There is no good reason that California takes so long to count votes. Most democracies around the world count votes quickly. So do most other large U.S. states, including Texas, Florida, Michigan and Virginia. Until the past decade, California itself counted votes quickly.
California has since adopted an approach to election administration without meaningful benefit and with substantial downside. It makes the state government look incompetent. It fails to increase voter turnout. It creates needless uncertainty about results (as has been the case with several races this year). It confuses ordinary voters and serves the interest of conspiracists, including President Trump, who spread lies about election fraud that is in fact virtually nonexistent. Even Gov.

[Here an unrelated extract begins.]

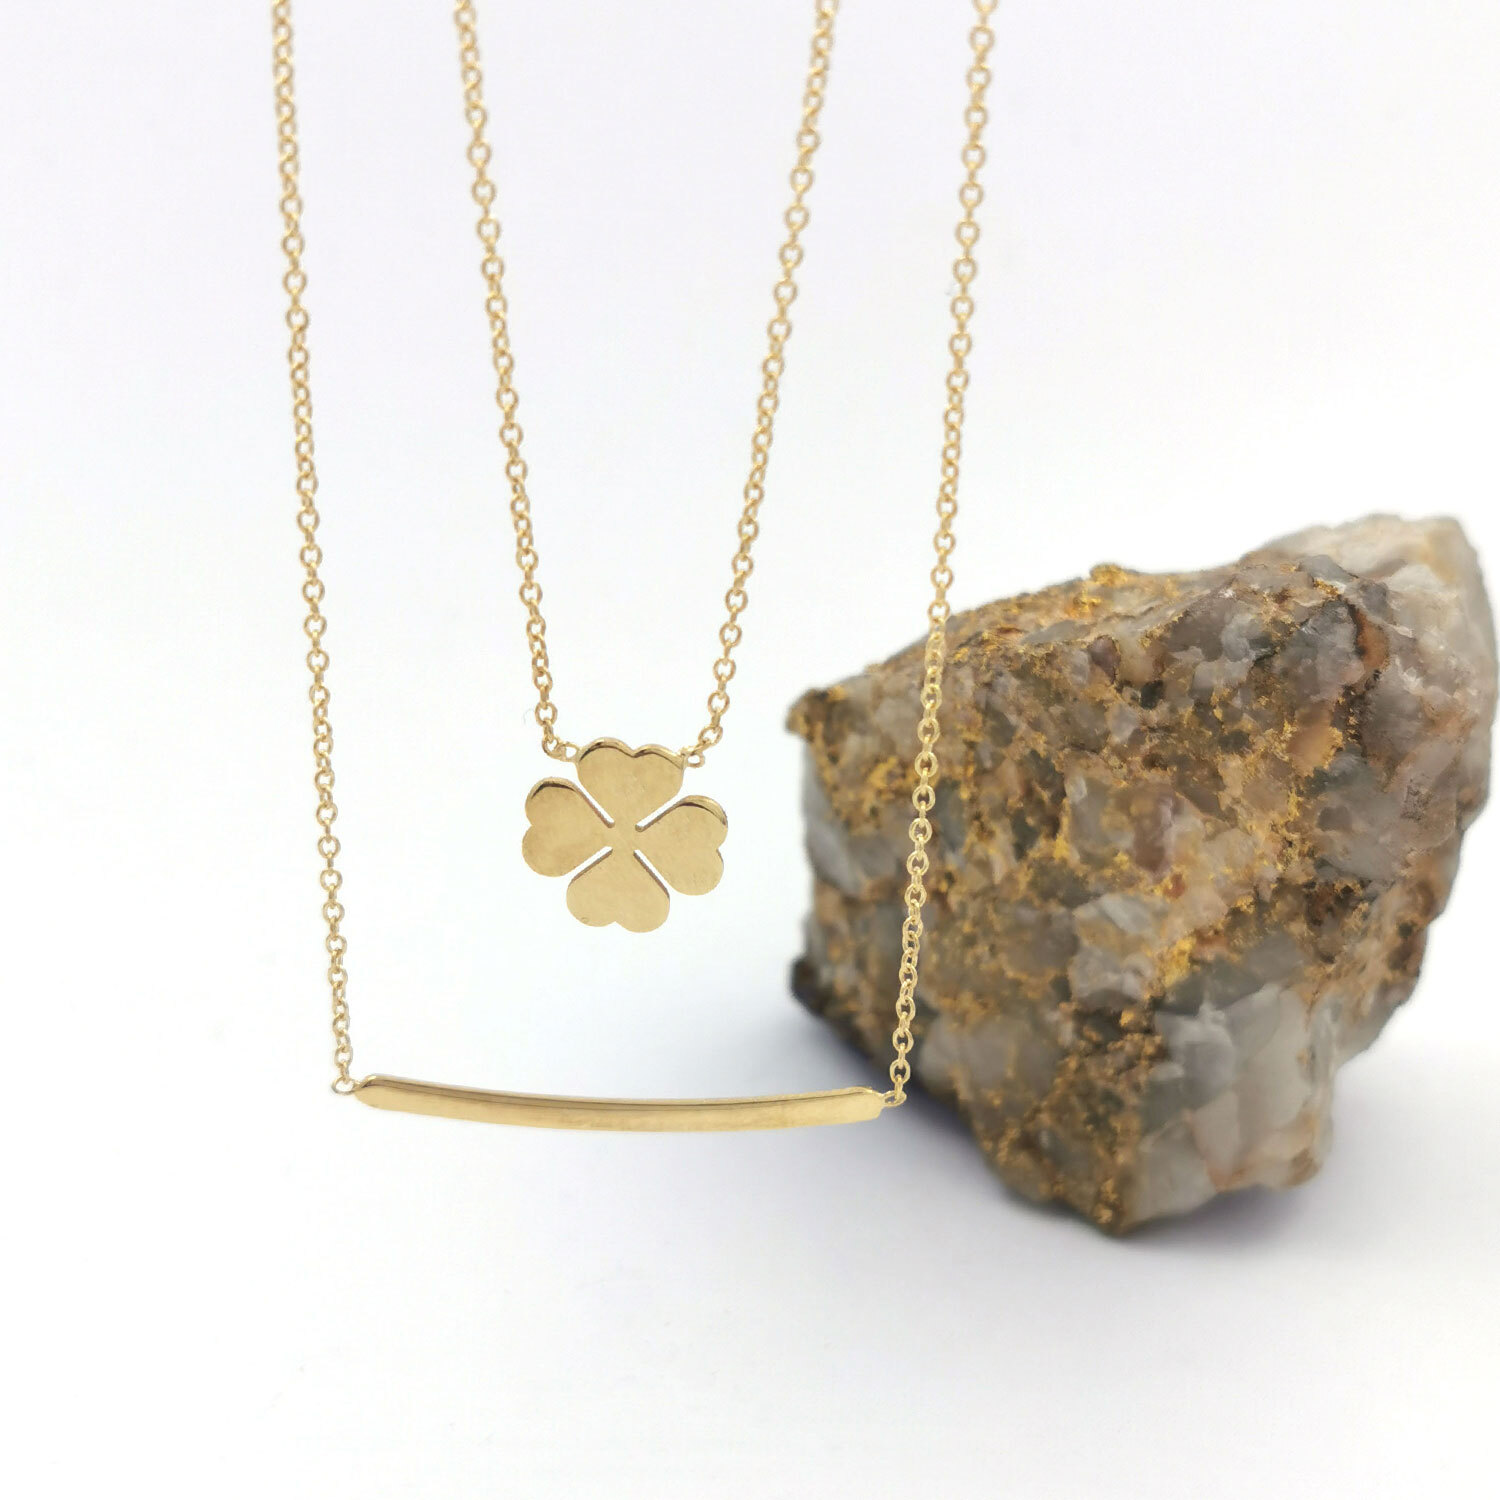 gold lapis lazul pendant, solid 9ct gold necklace, natural lapis lazu, 18”  chain | eBay

Gavin Newsom of California has written, “We must acknowledge that the longer the voting count takes, the more mis- and disinformation spreads.”
With California refusing to change its system and a few other states having similar problems, the appropriate remedy is a federal law. That law should establish Election Day as the deadline for mail-in ballots to arrive and set basic standards for efficient vote counting. Congressional Democrats have long supported promising election reform bills, but they have generally opposed sensible deadlines for the arrival and counting of ballots. That is a mistake. Electoral reform is a natural issue for Democrats as they plan a legislative agenda for a possible House majority in 2027 and beyond.
Insisting on a rapid counting of votes is the right thing on the merits, and it would send a signal that Democrats care about government efficiency and transparency. It would present a contrast with Republicans, whose preferred election bill, known as the SAVE America Act, is mostly an effort to make it harder to vote by creating onerous identification standards. Democrats can instead be the party pushing for secure and accessible voting, followed by competent and fair counting.
In an era of skepticism about government, political leaders should look for ways to build confidence in it, and they should avoid practicing voluntary ineptitude.
California’s leisurely approach to vote counting is a recent phenomenon. Before 2015, the state required that mail-in ballots arrive by Election Day. It now allows them to arrive seven days later so long as they are postmarked by Election Day. The state also uses a burdensome process for confirming voters’ signatures. Lawmakers say they are prioritizing accuracy and access, but states that tabulate results quickly have elections that are neither less accurate nor less accessible than California’s.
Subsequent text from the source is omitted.